== THE PROBLEM ==
Restate word for word the part of the material that runs from the line containing "United States Map" through its final line, inclusive, minus the pictures.

== DATA SECTION ==
☆ ☆ ☆
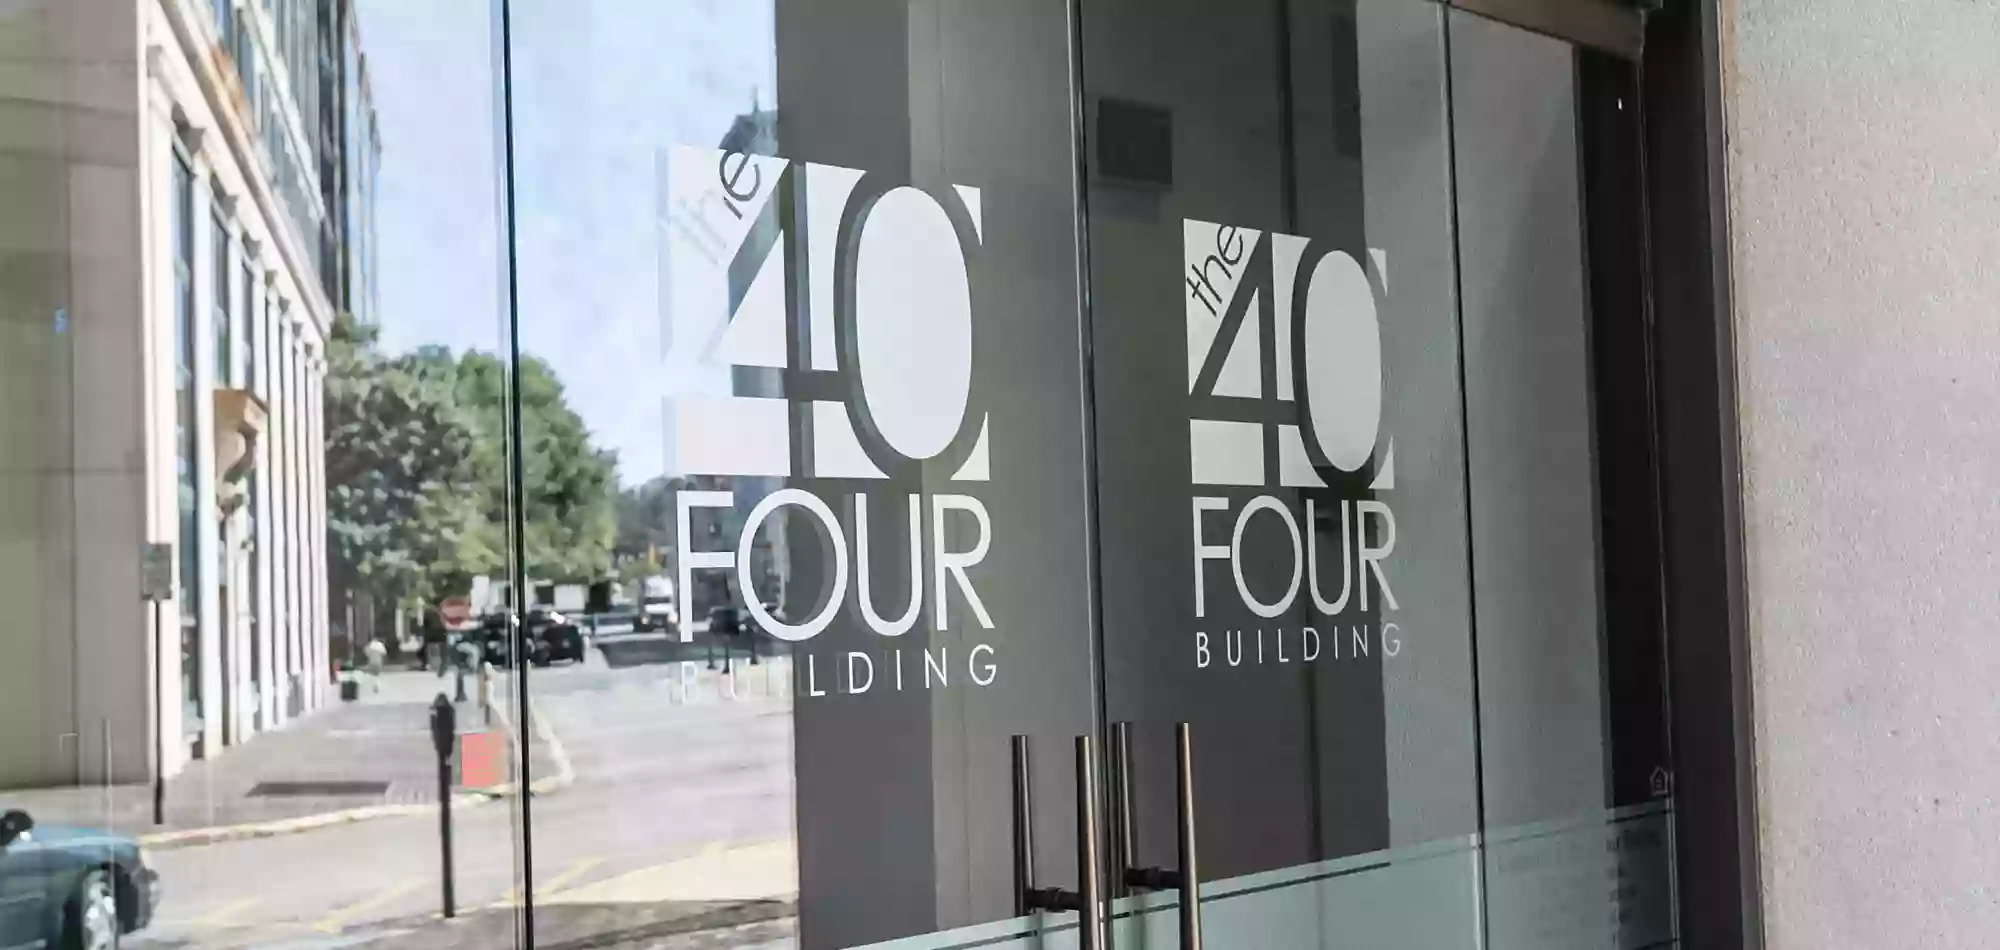 The 40 Four Building
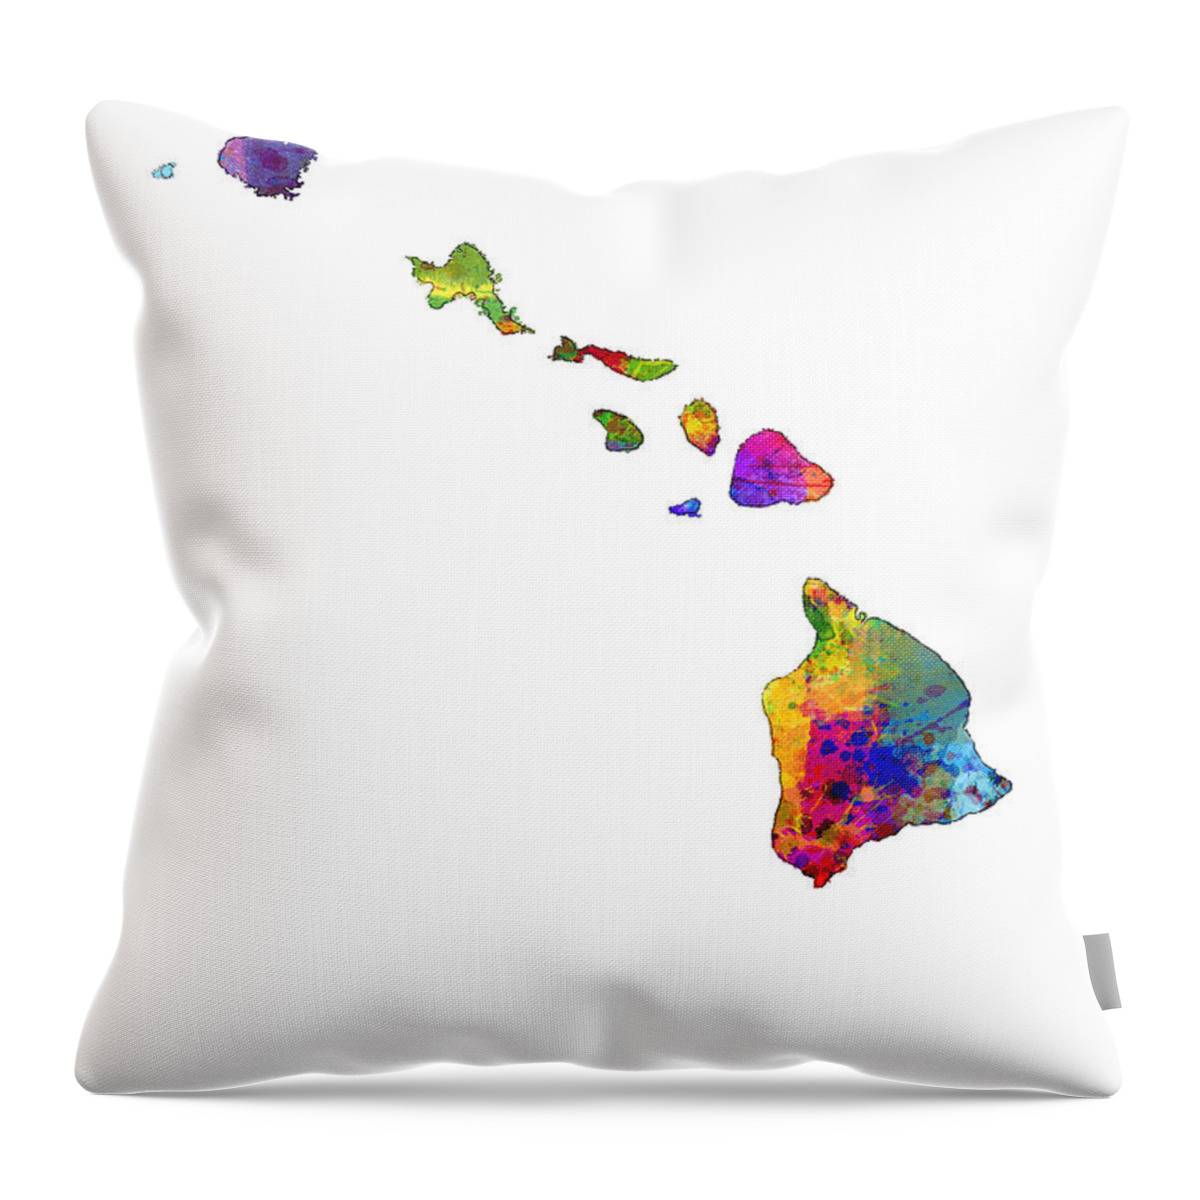 United States Map Throw Pillow featuring the digital art Hawaii Map by Michael Tompsett
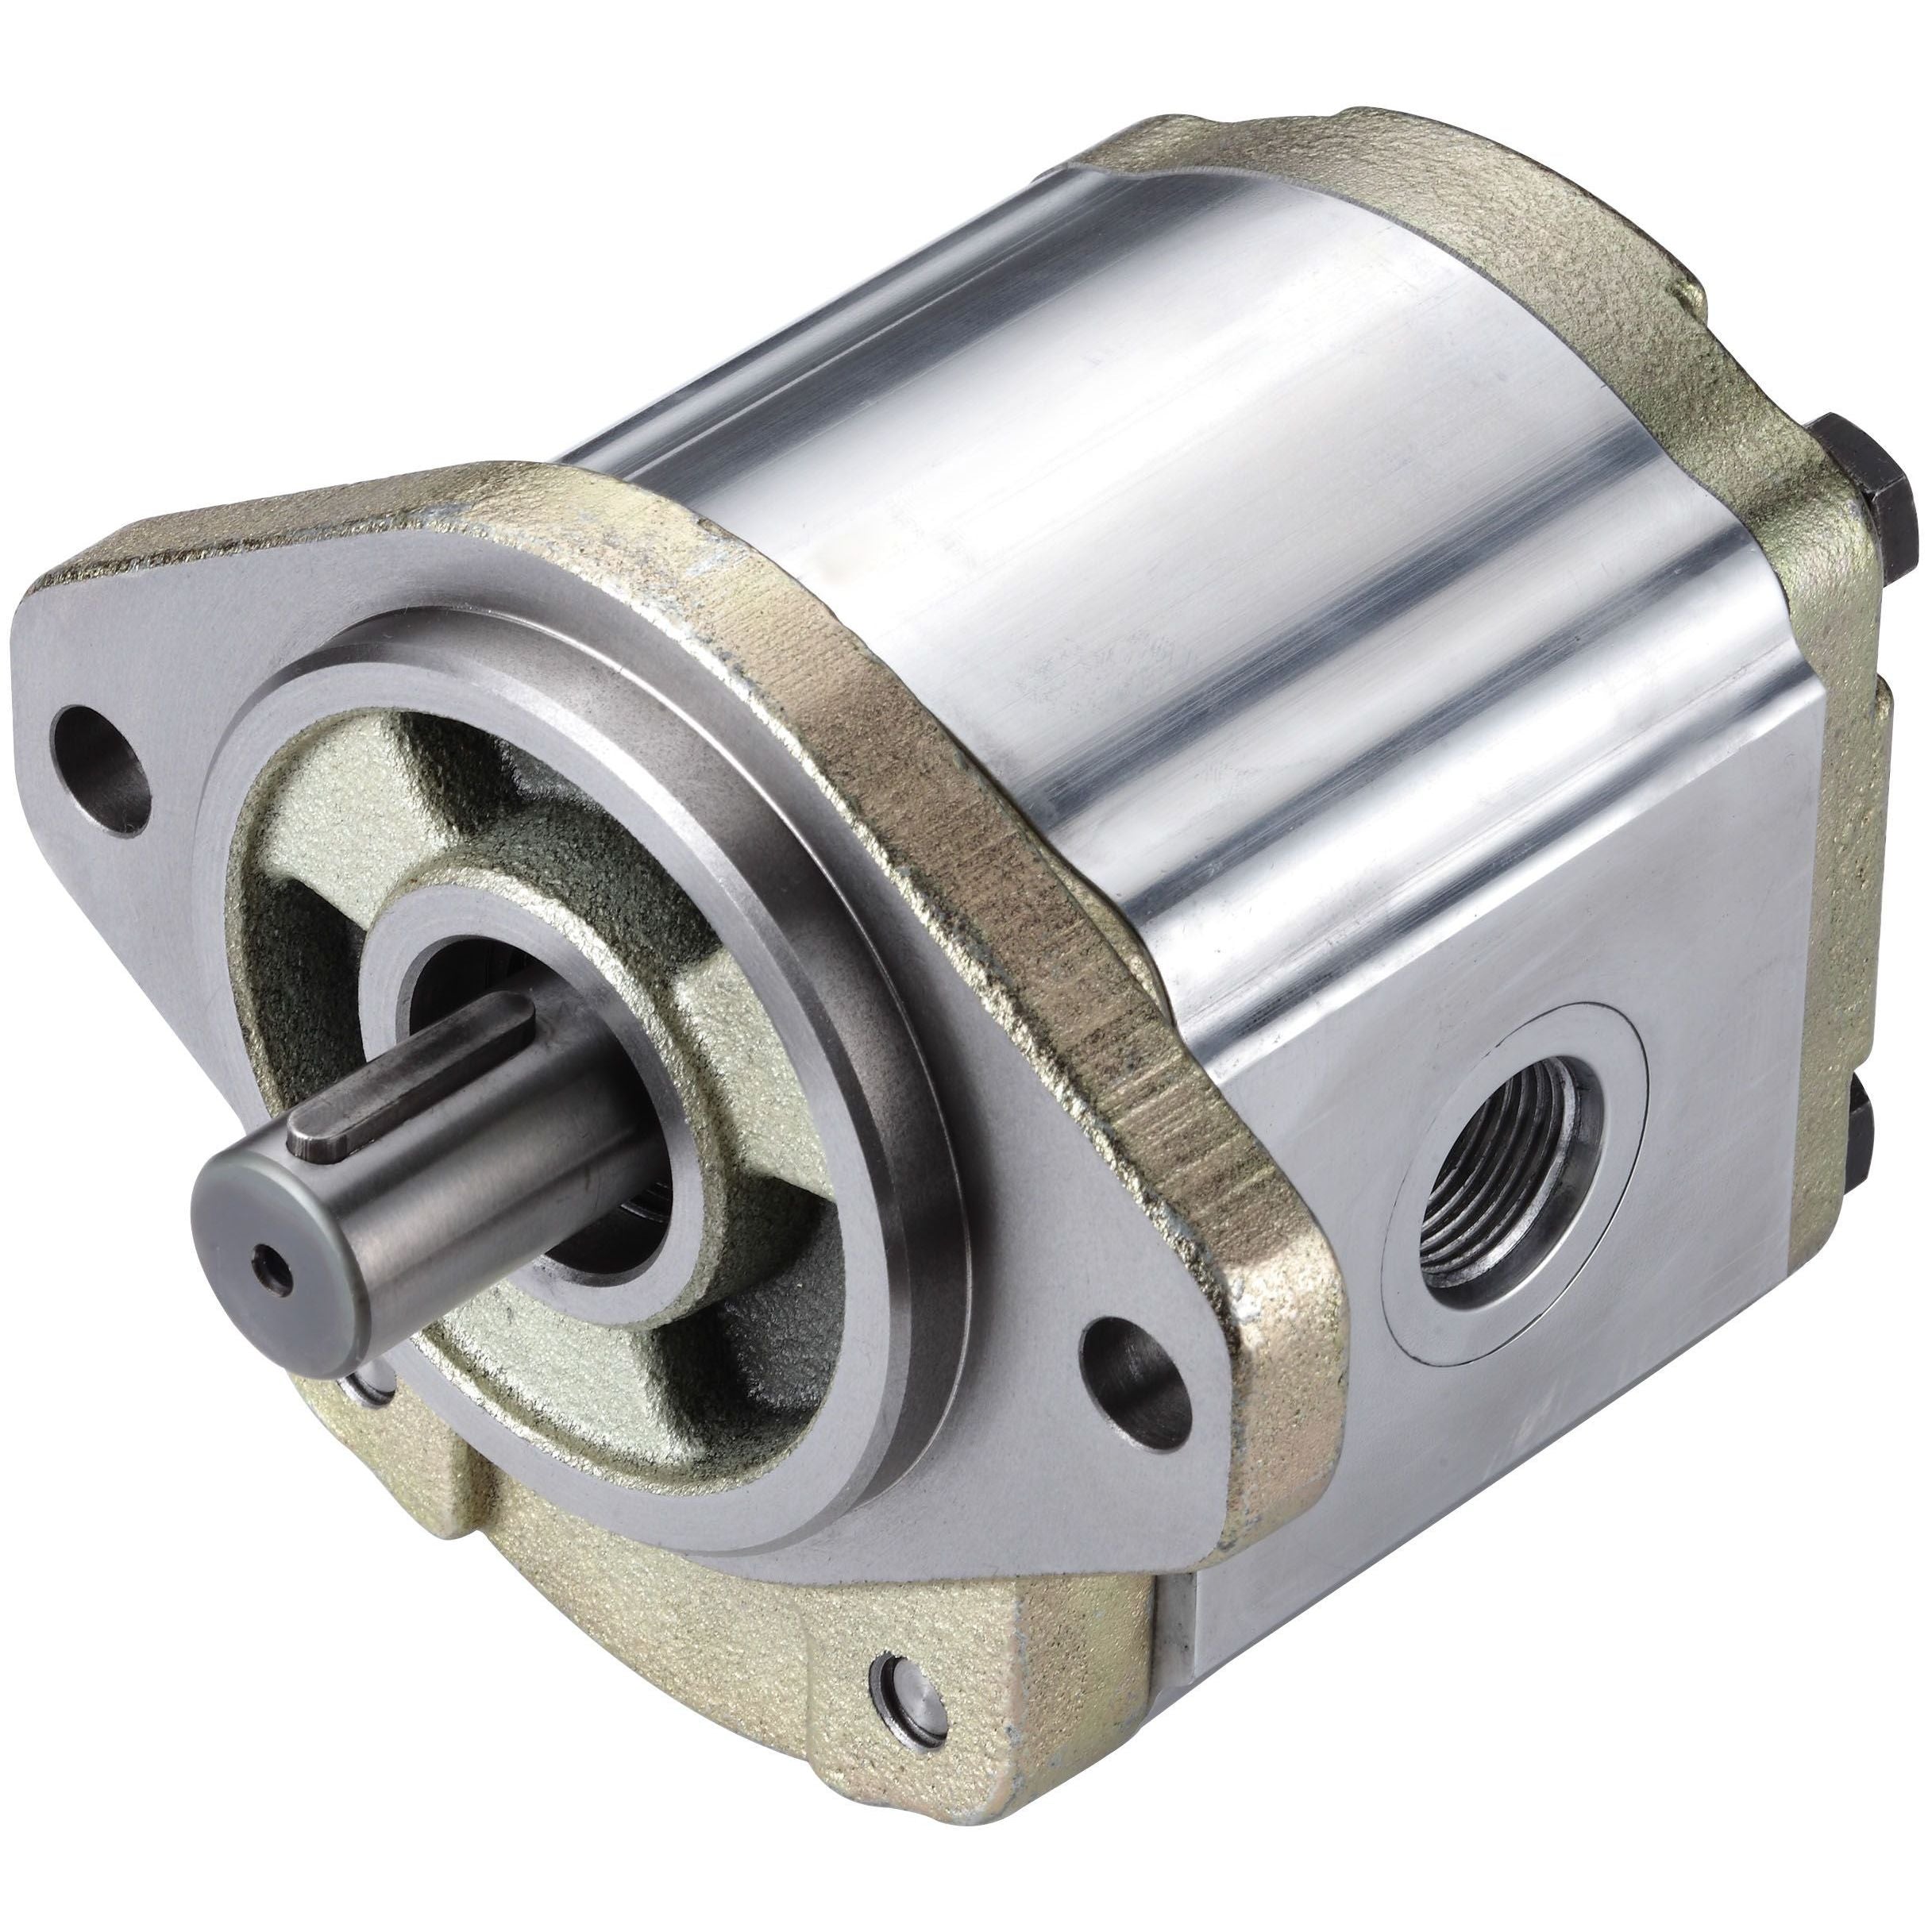 3GA5U133R : Honor Gear Pump, CW Rotation, 33cc (2.01in3), 15.69 GPM, 3500psi, 3000 RPM, #16 SAE (1") In, #12 SAE (3/4") Out, Splined Shaft 11-Tooth, 16/32 Pitch, SAE A 2-Bolt Mount
☆ ☆ ☆
== EXERCISE SOLUTION ==
 United States Map Throw Pillow featuring the digital art Hawaii Map by Michael Tompsett
 3GA5U133R : Honor Gear Pump, CW Rotation, 33cc (2.01in3), 15.69 GPM, 3500psi, 3000 RPM, #16 SAE (1") In, #12 SAE (3/4") Out, Splined Shaft 11-Tooth, 16/32 Pitch, SAE A 2-Bolt Mount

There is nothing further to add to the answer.